Data from the National Survey on Drug Use and Health (NSDUH) show that over the past ten years:

  • Current underage drinking – meaning adolescents who’ve had a drink in the past 30 days – is down for high schoolers:
    • 45% decrease for 8th graders
    • 39% decrease for 10th graders
    • 31% decrease for 12th graders
  • Lifetime underage drinking – meaning adolescents who’ve ever had a drink – is down for high schoolers:
    • 36% decrease for 8th graders
    • 27% decrease for 10th graders
    • 19% decrease for 12th graders

Those numbers are encouraging. They’re part of a larger, longer trend that’s equally encouraging. Data shows the following decreases in current (past 30 days) adolescent alcohol consumption between 1991-2018:

  • 67% decrease for 8th graders
  • 57% decrease for 10th graders
  • 44% decrease for 12th graders

There’s one more reason to be optimistic about this general decline in underage drinking. Over the past several decades, research shows that underage drinking can increase the risk of accidental injury, sexual assault, and deaths from car crashes.

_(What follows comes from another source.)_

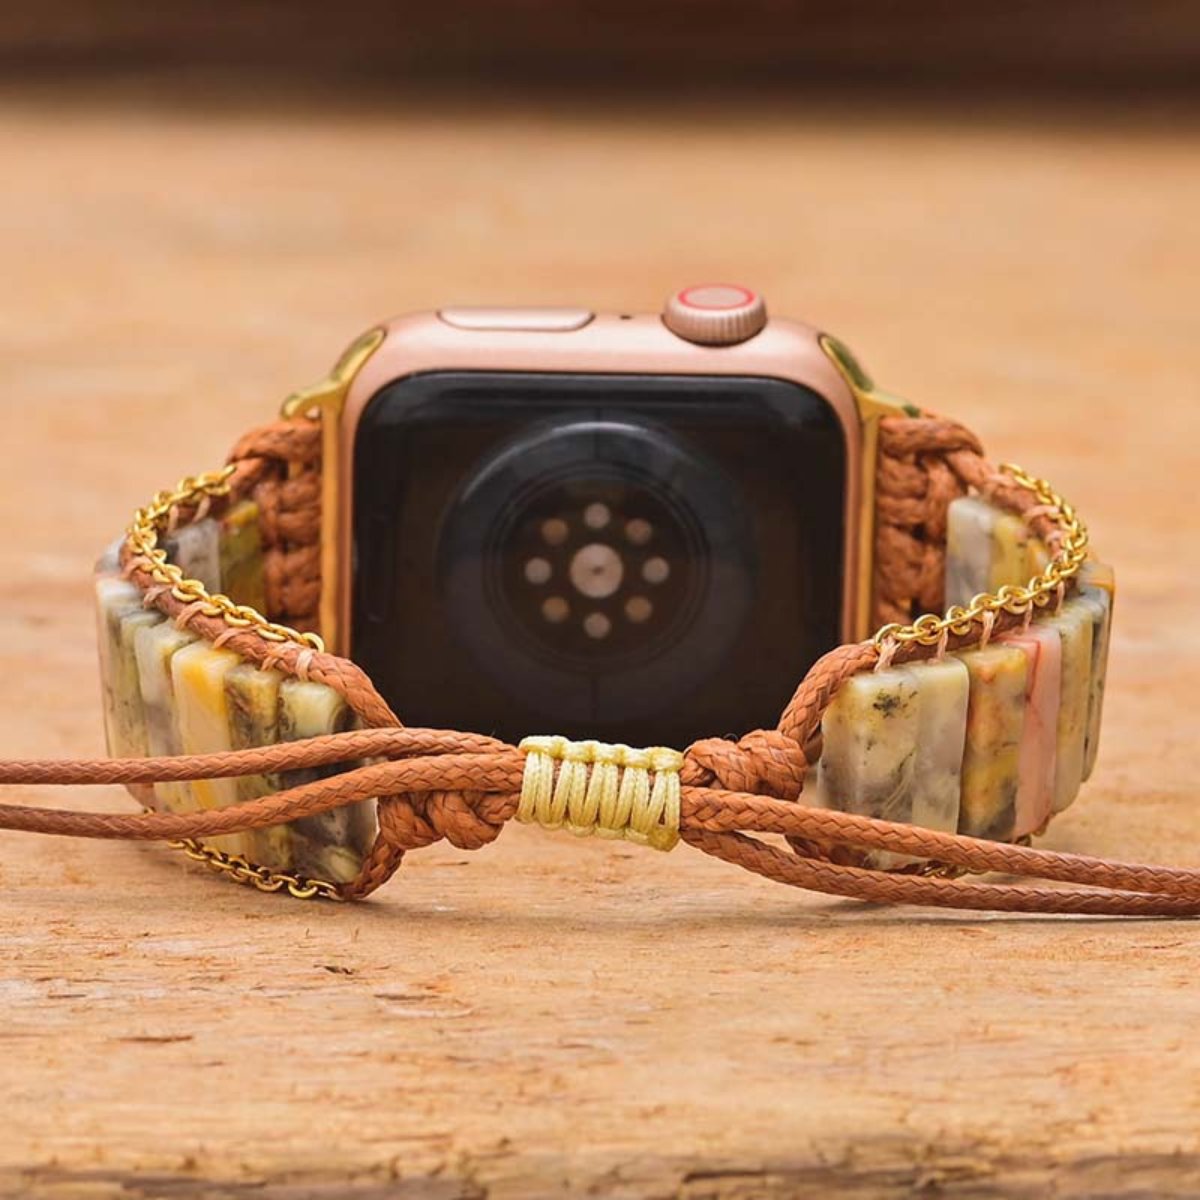 Ethnic Shape Agate Apple Watch Strap - Apple Watch Straps - Pretland | Spiritual Crystals & Jewelry

Knowledge, Awareness, and Making Choices

The National Survey on Drug Use and Health offers the best possible data about drug use and health in the U.S., but does not attempt to assign reasons or causes for the increase or decrease in reported rates of alcohol and drug use in our population. However, even a casual observer of trends in our society and culture around drug and alcohol awareness might note that in broad terms, we’ve become more open, accepting, and understanding about the facts of drug and alcohol use. Parents are more willing to discuss these issues openly with teens, and teens, in turn, appear more empowered to ask questions, seek information, and get the real facts about alcohol and drugs before they make a decision to experiment or not.

This general increase in knowledge and understanding may be the driving force behind this long-term – close to three decade – decrease in alcohol consumption in adolescents. Which drives home an important point: the more reliable information we have before making a decision, the more likely we are to make a good decision – or at least one based on facts.

In the case of alcohol consumption and adolescents, it appears that the more information they receive from adults about alcohol and its dangers to the mind and body, the more they choose to experiment with alcohol later in life – which bodes well for their long term health and well-being.